Progress on Papua LNG agreement

Good progress has been made on finalising the more detailed gas agreement on the Papua LNG Project since the signing on the Memorandum of Understanding in November last year.

Oil Search Managing Director, Peter Botten, said progress has been made on finalising the detailed agreement based on the structure established in the MoU.

The MoU provides the framework for key terms and conditions to be included within the Papua LNG Project Gas Agreement, including the tax rates and Domestic Market Obligation that will apply.

Botten said this in the company’s fourth quarter report for 2018.

Botten said well-defined plans are in place to complete and sign the full gas agreement, with all parties aiming for this to occur no later than 31 March 2019, in line with the MoU timeline.

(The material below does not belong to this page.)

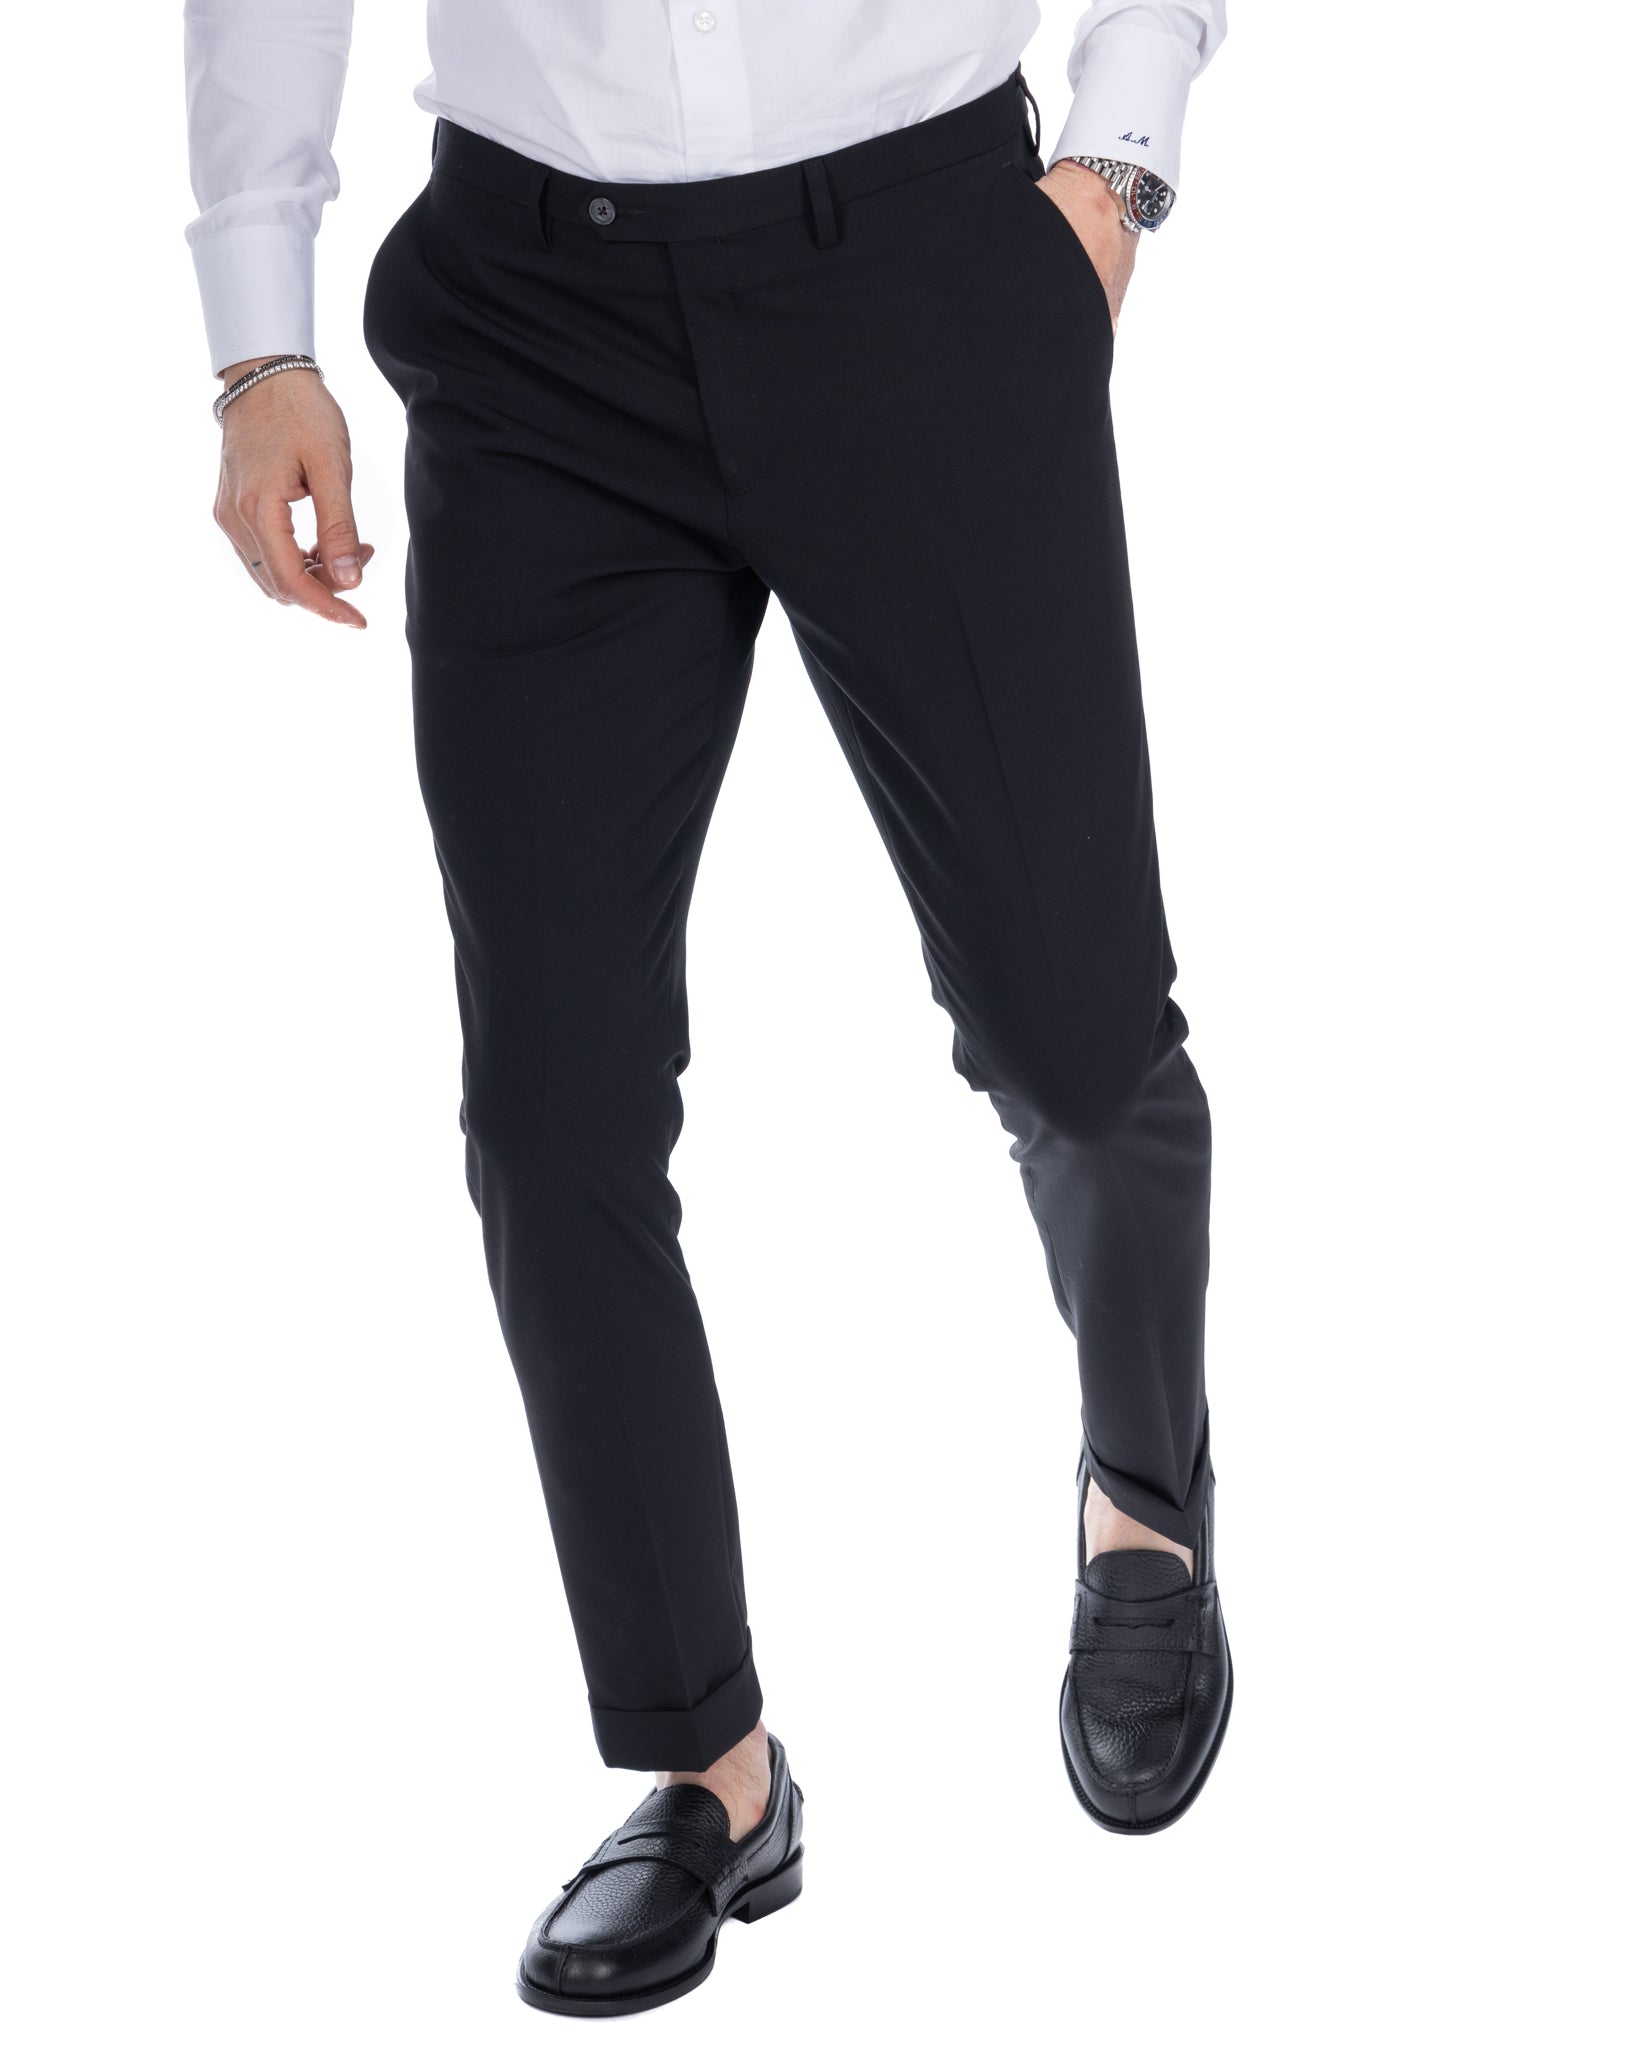 Brema - pantalon basique noir

He said while the key focus during the quarter was on the Papua LNG Agreement, the P’nyang (PRL 3) Gas Agreement is also targeted to be finalised before the end of March.

This will enable an integrated FEED entry decision to be made on the proposed three-train expansion at the PNG LNG plant site shortly afterwards.

During the quarter, the commercial arrangements that support the integration of the Papua LNG Project with the PNG LNG Project, including those related to site and facility access, were broadly agreed between the PNG LNG Project and Papua LNG (PRL 15) joint venture.

In addition, pre-FEED downstream studies continued, including engineering work on the design and process and layout optimisation of the three-train development concept, from the gas inlet to the LNG loading arm.

The PNG LNG, Papua LNG and P’nyang participants continue to meet regularly to discuss contracting strategies and are making good progress on project financing and the remaining agreements required to enable integration of the projects.